Reasons Counting is the Hardest Thing in Data Scientist
In Data Science, training should be based on the tasks assigned to the specialist. However, the tasks of a Data Scientist may differ depending on the field of activity of the company Data-Science UA. Here are some examples:
- detection of anomalies – for example, non-standard actions with a bank card, fraud;
- analysis and forecasting – performance indicators, quality of advertising campaigns;
- scoring and grading systems – processing large amounts of data for making decisions, for example, on granting a loan;
- basic interaction with the client – automatic replies in chats, voice assistants, sorting letters into folders.
But for any of the above tasks, you always need to follow approximately the same steps:
- Data collection – search for sources and methods of obtaining information, as well as the collection process itself.
- Checking – validation, removal of anomalies.
- Analysis – the study of data, making assumptions, conclusions.
- Visualization – bringing data into a human-readable form (graphs and diagrams).
- The result is making decisions based on the analyzed data, for example, about changing the marketing strategy or increasing the budget for any of the company’s activities.
What do you mean by “knowledge-intensive methods”?
In practical application, machine learning development company methods are widely known. There are many applied data processing algorithms. When working with data, sometimes problems appear that can be called scientific: they are formalized, some assumptions are made for them, and in this form the problem can be solved explicitly. For example, you can prove that some algorithm solves the problem in an optimal way.
Science-intensive methods are those methods behind which there is some non-trivial proof, and they work. Some of them are reproducible in practice and have practical use, and some turn out to be too model. In theory, the method works, but in practice it is not applicable, simply because. that the assumptions around which a mathematical or computer problem was proved are not reproducible in reality.
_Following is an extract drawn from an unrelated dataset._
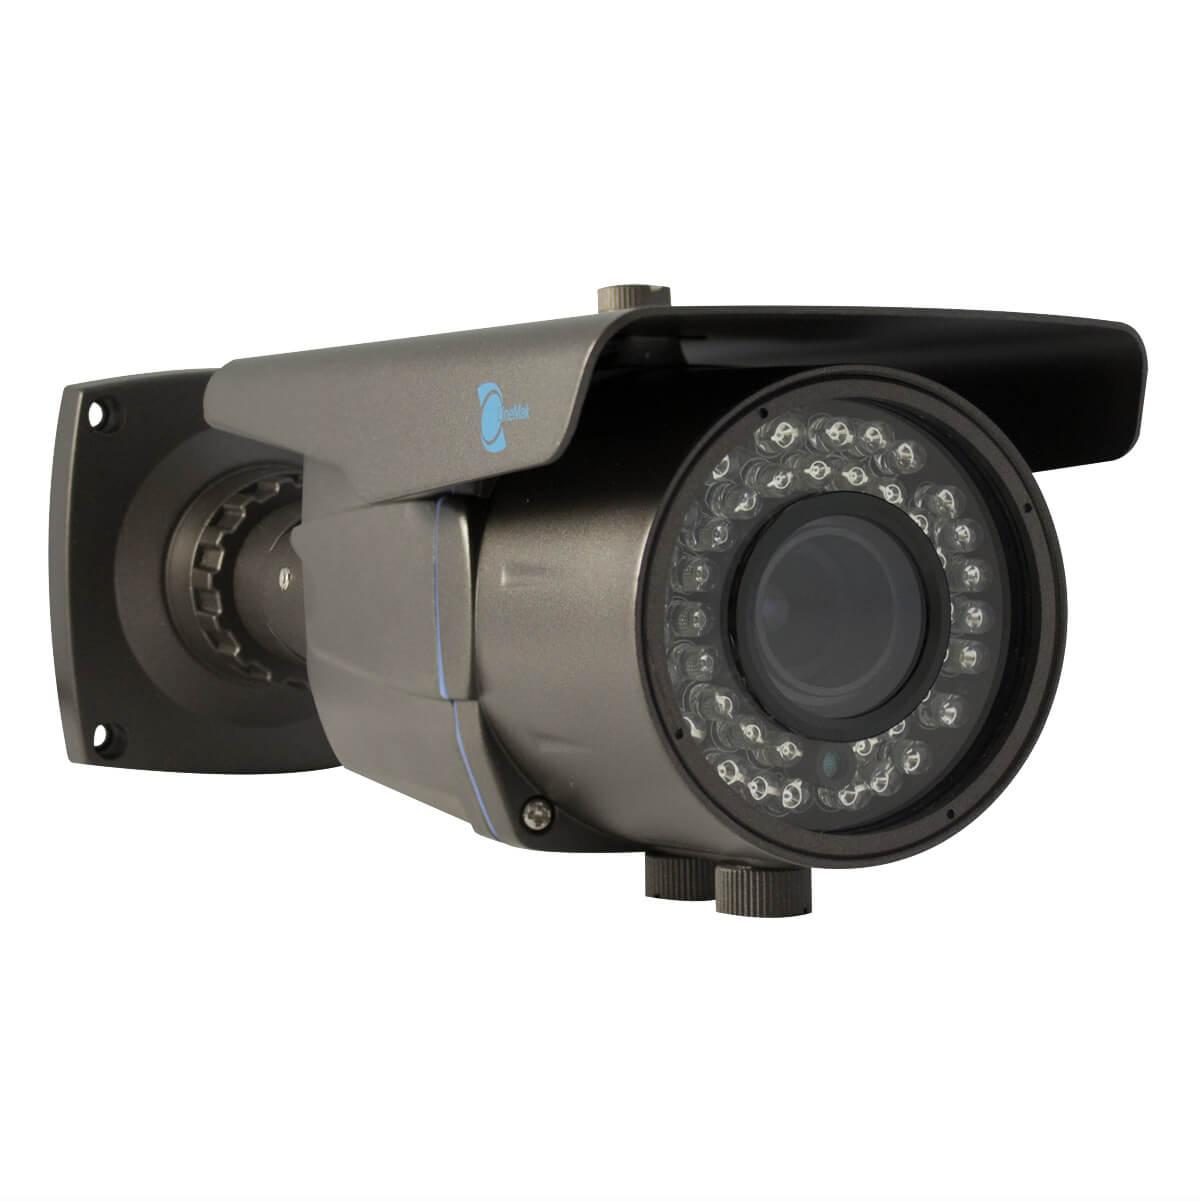 "1/3""Sony 960H CCD Sensor effio 700TVL High-resolution 4140 ...   Ccd Sensor Camera"

We can say that in one corner there are just purely theoretical problems that are not used in practice. And in another, there are data processing tasks, behind which there is no special science: you can simply take the data, group it, calculate the average, sort it and draw an analytical conclusion. Somewhere at the junction lie the very methods that are called “science-intensive”.
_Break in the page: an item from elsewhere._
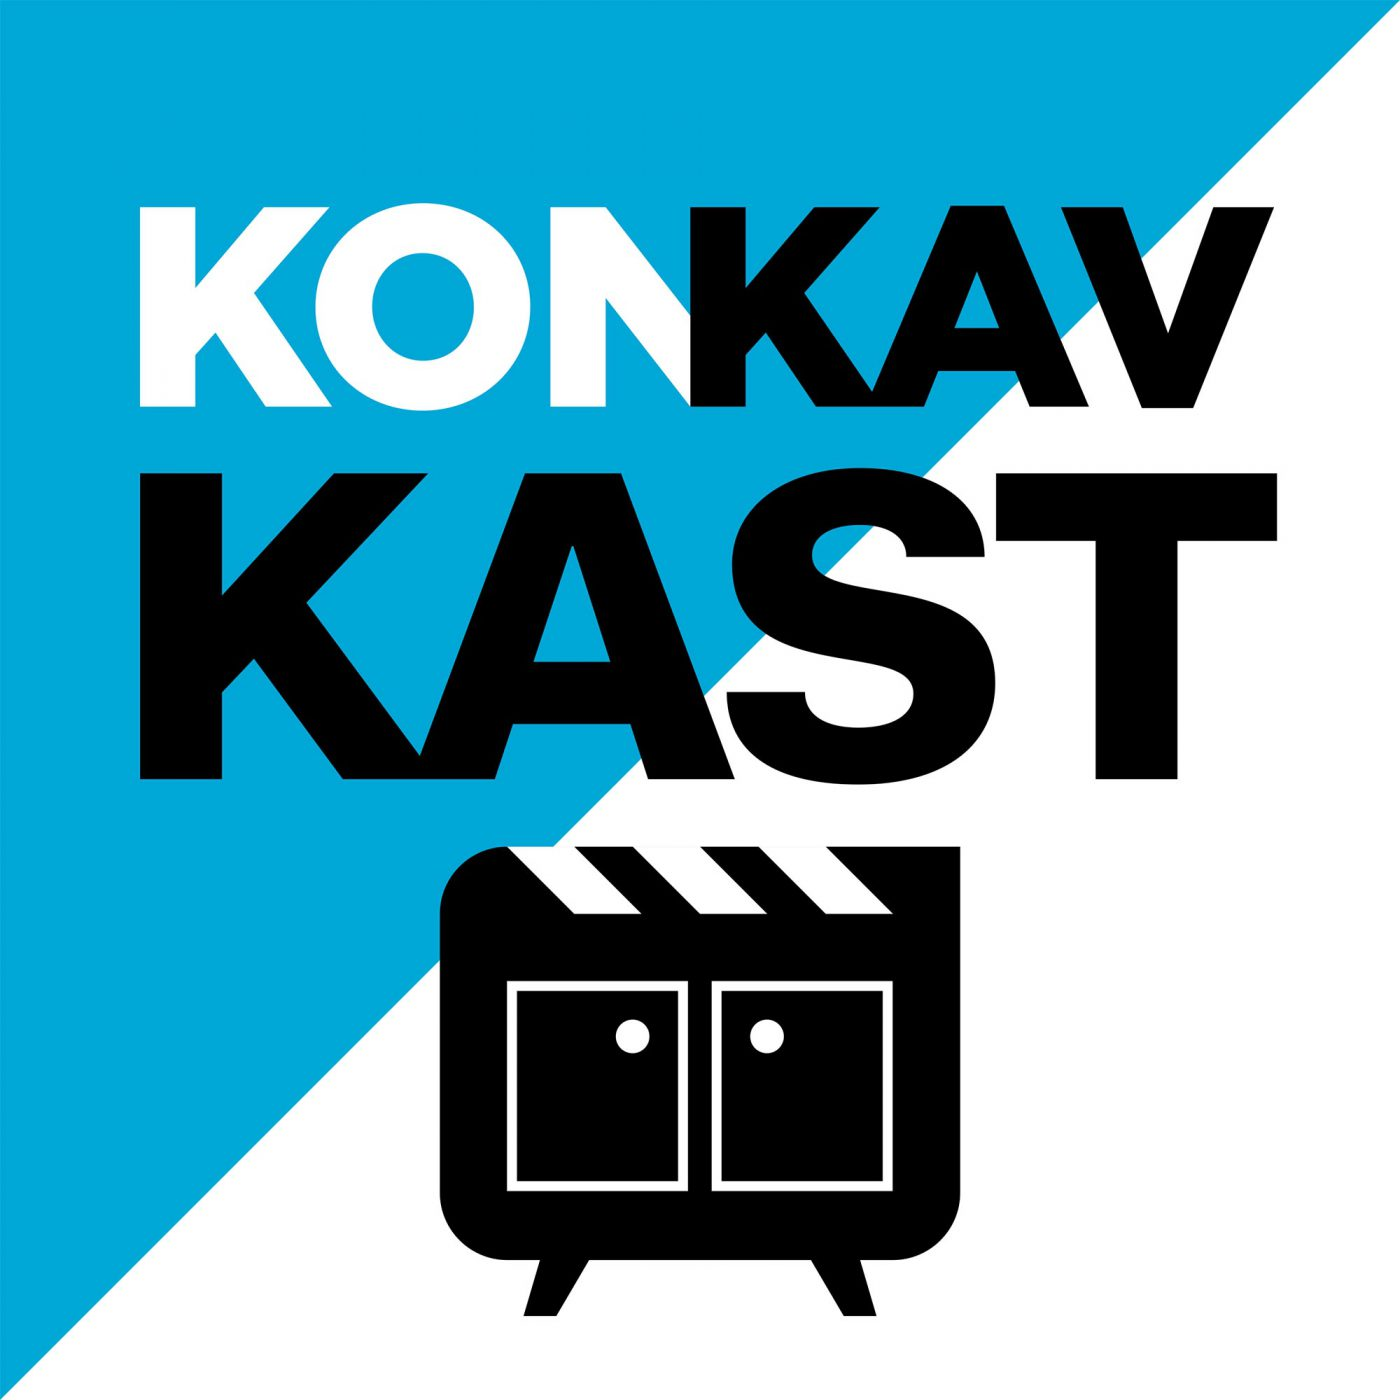 KonKav bkkc logo ontwerp JAgd 3

Can you tell us with specific examples what analysts do?
An analyst is someone who can look at data more broadly, build and test hypotheses. The task of analysts is to bring practical value and seek new knowledge in the data. Humans have been analyzing data even before the advent of computers.
For example, the Japanese engineer and statistician Genichi Taguchi developed the concept of “quality engineering” back in the 1940s. Within the framework of this idea, he statistically analyzed production data, conducted experiments and significantly reduced costs, while improving product quality. Subsequently, his methods were implemented in the production optimization of the Ford Motor Company.
I will give one example of an analyst’s task from my practice. Yandex conducted an experiment by adding new elements to search results – pictures in snippets. At the same time, users sometimes began to click less often and solve their problems, the metrics worsened. A dozen hypotheses could be put forward as to why this happened.